**Data for this exercise**
++++++++++++++++++++

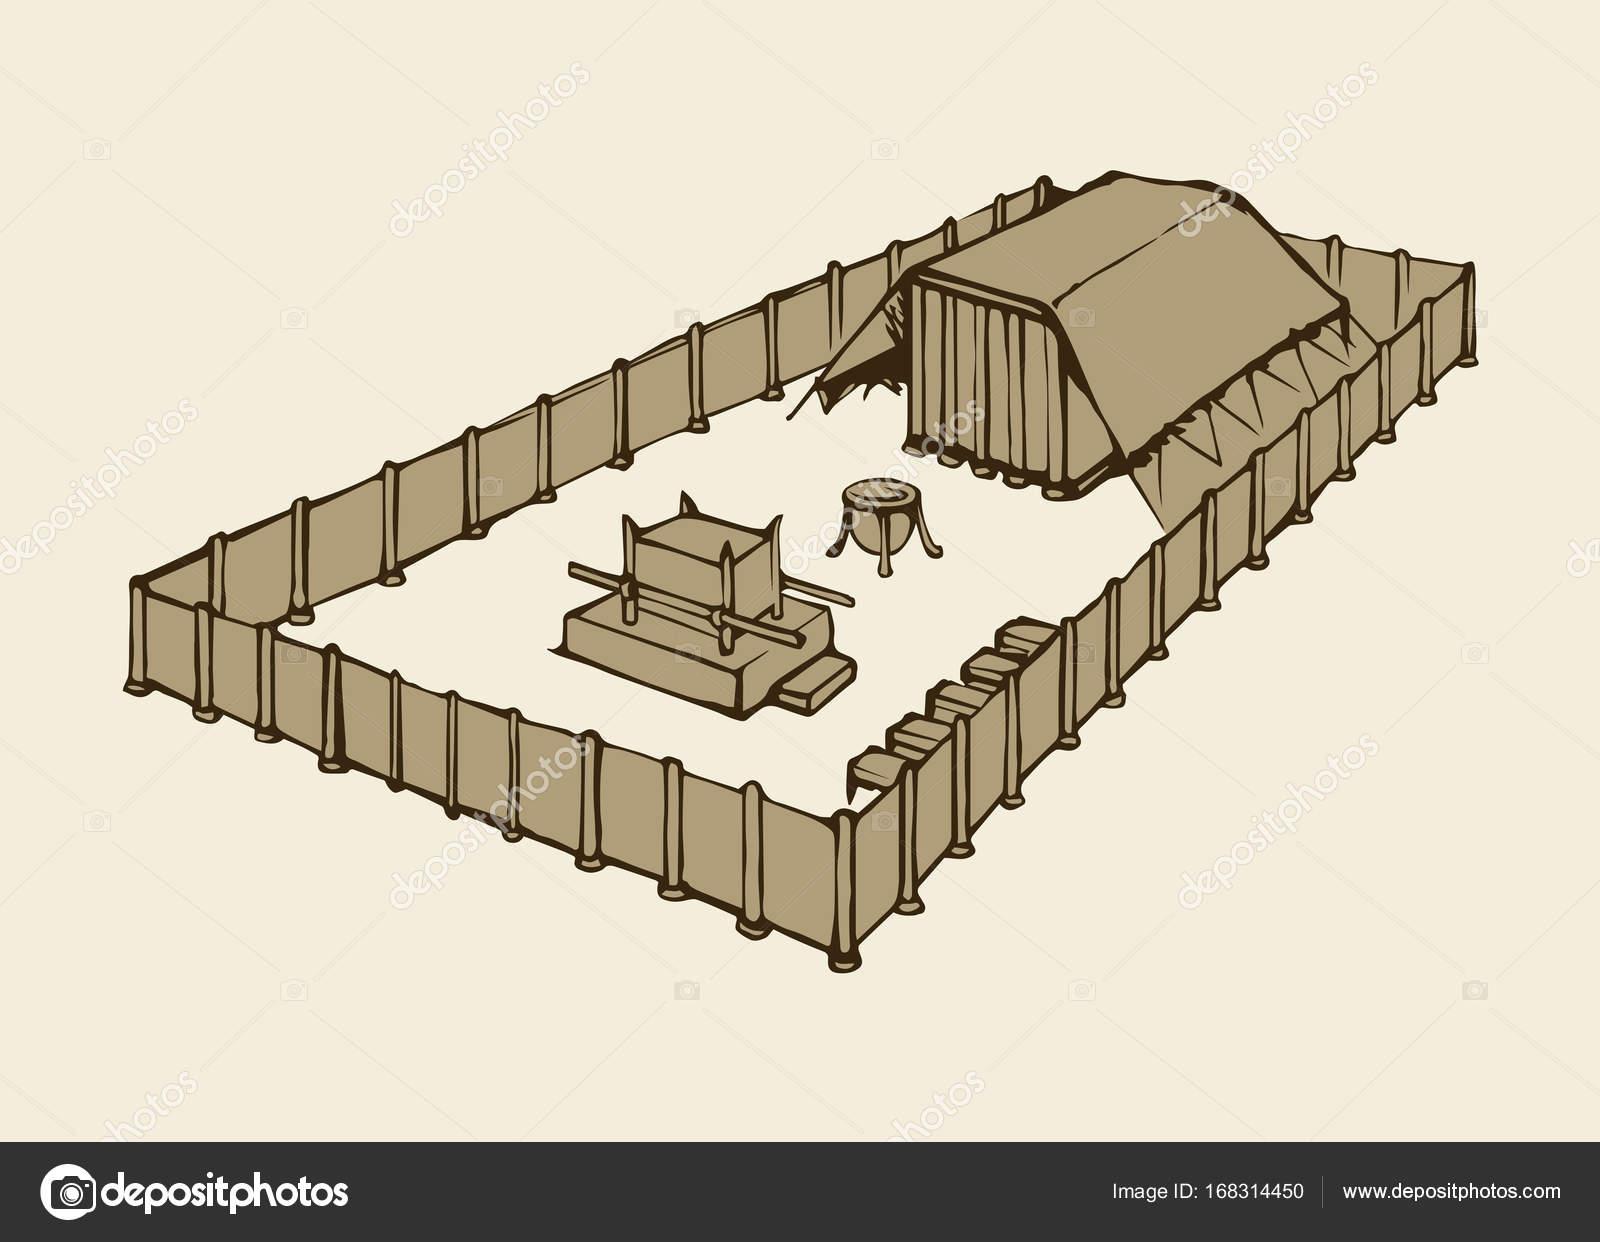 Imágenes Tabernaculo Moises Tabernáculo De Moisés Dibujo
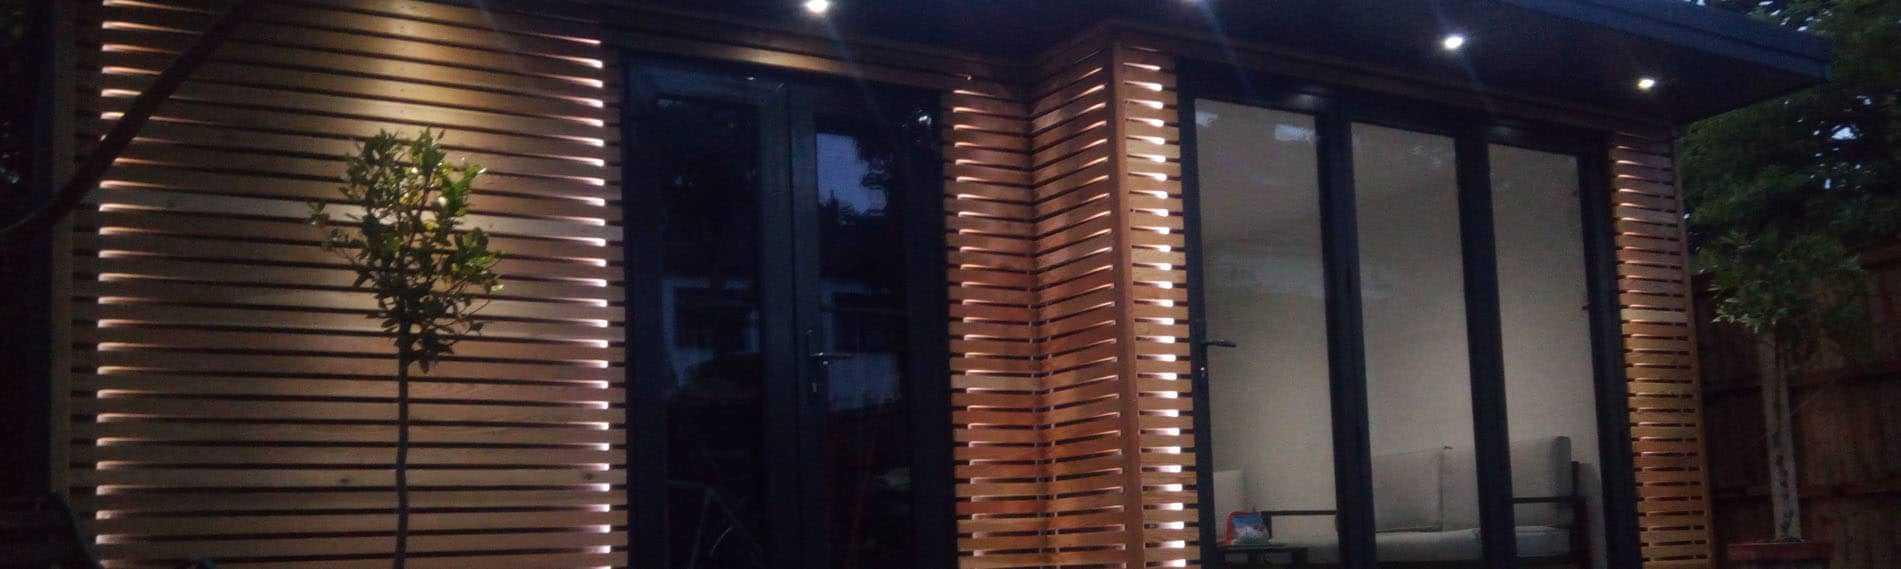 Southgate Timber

++++++++++++++++++++

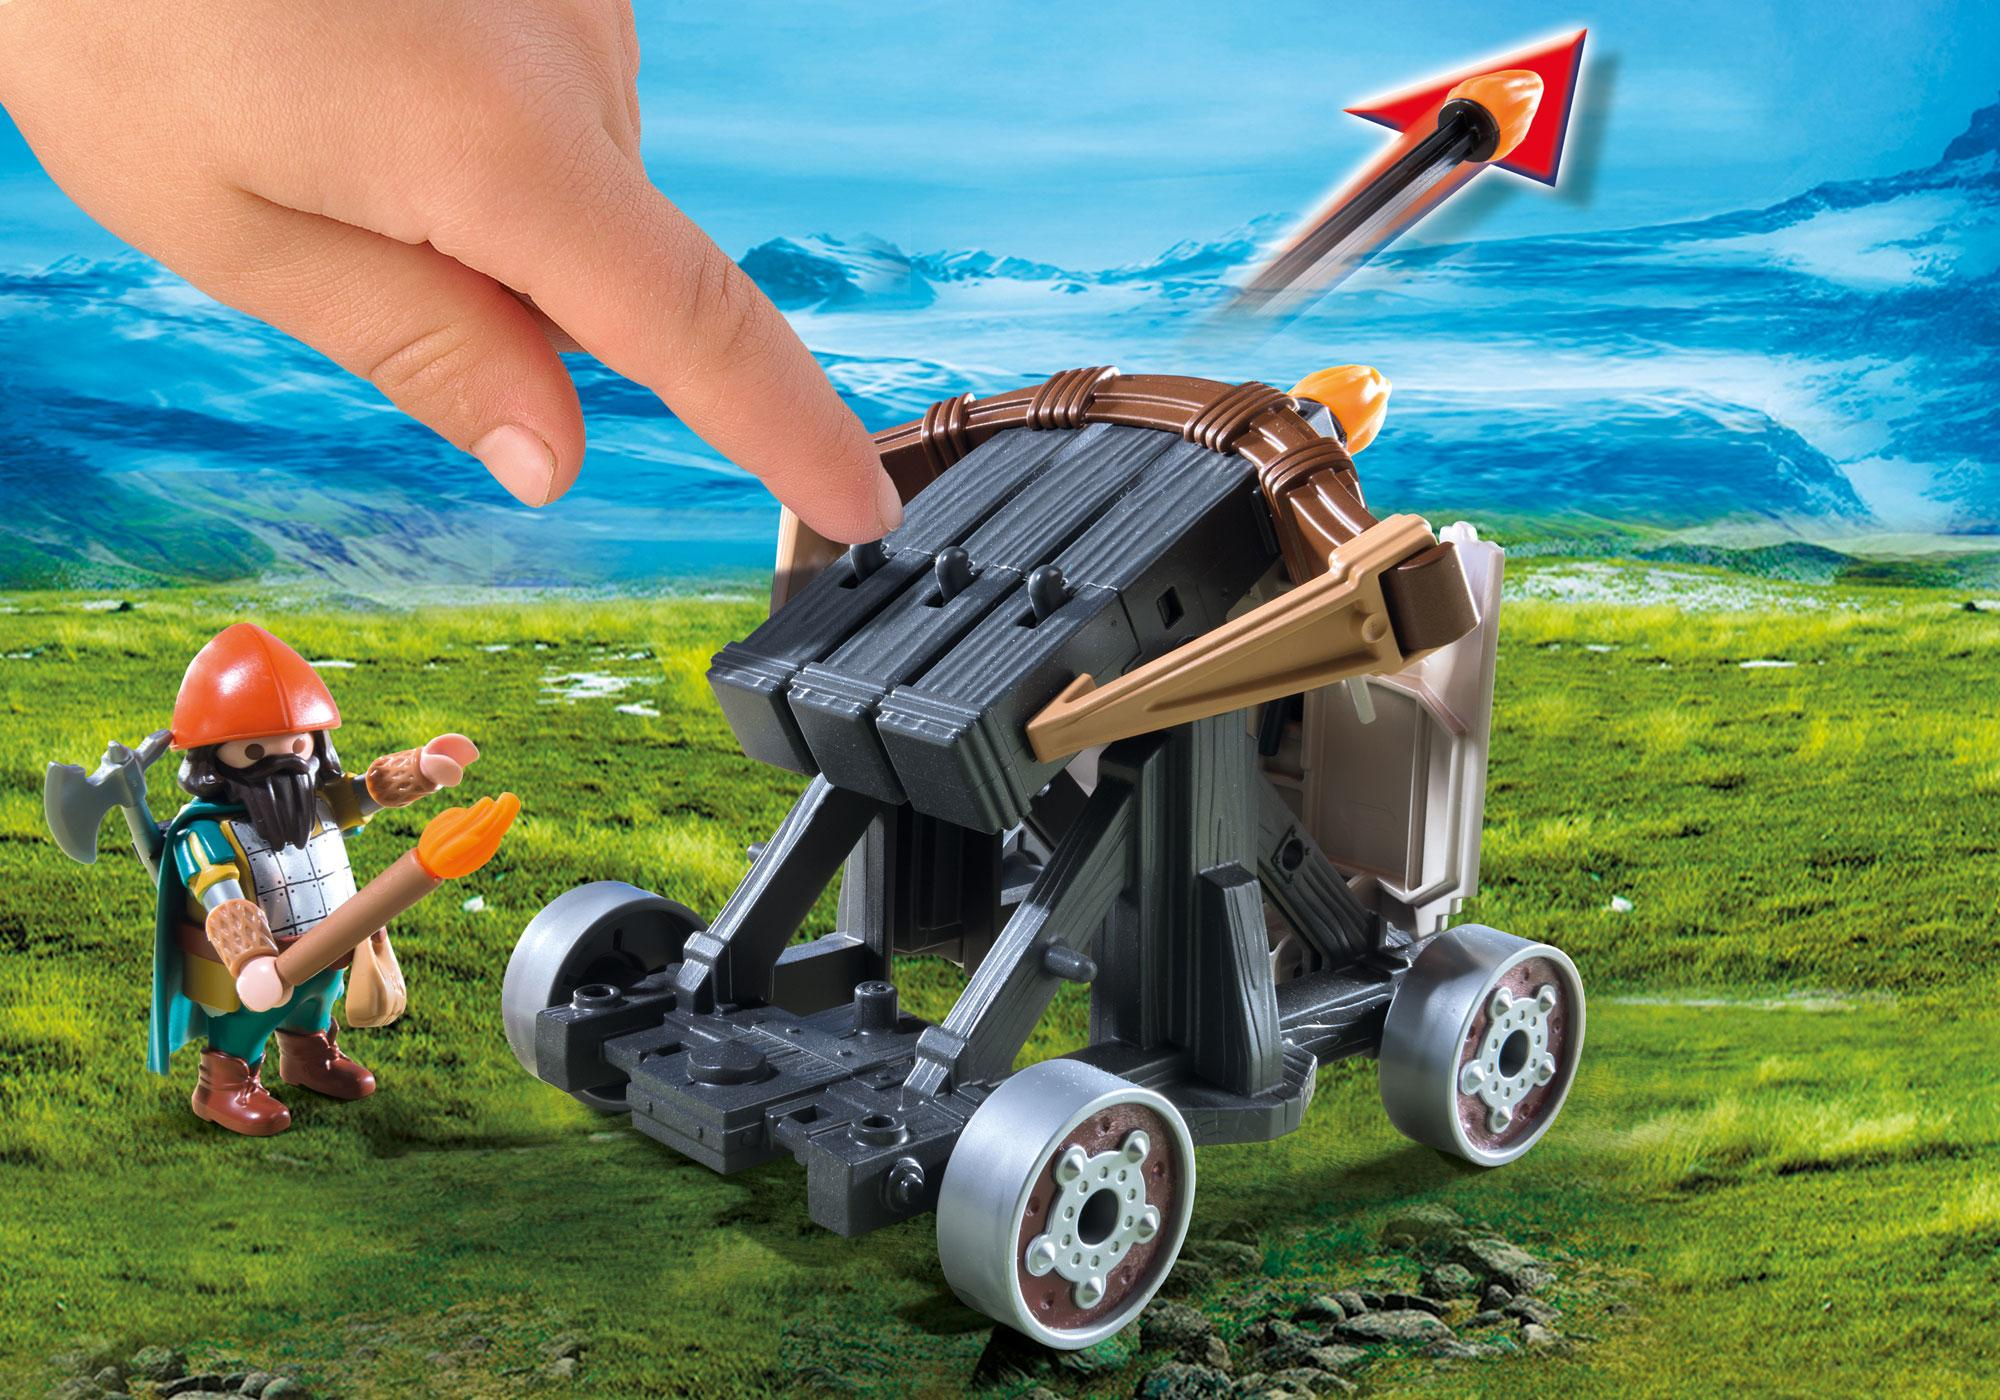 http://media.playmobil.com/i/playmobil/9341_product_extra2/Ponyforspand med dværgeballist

++++++++++++++++++++

**Prompt**
Where a picture appears in the records above, omit it, and transcribe exactly the stretch of lines from the one with "Imágenes Tabernaculo Moises" through the one with "Southgate Timber".

**Response to this exercise**
 Imágenes Tabernaculo Moises Tabernáculo De Moisés Dibujo
 Southgate Timber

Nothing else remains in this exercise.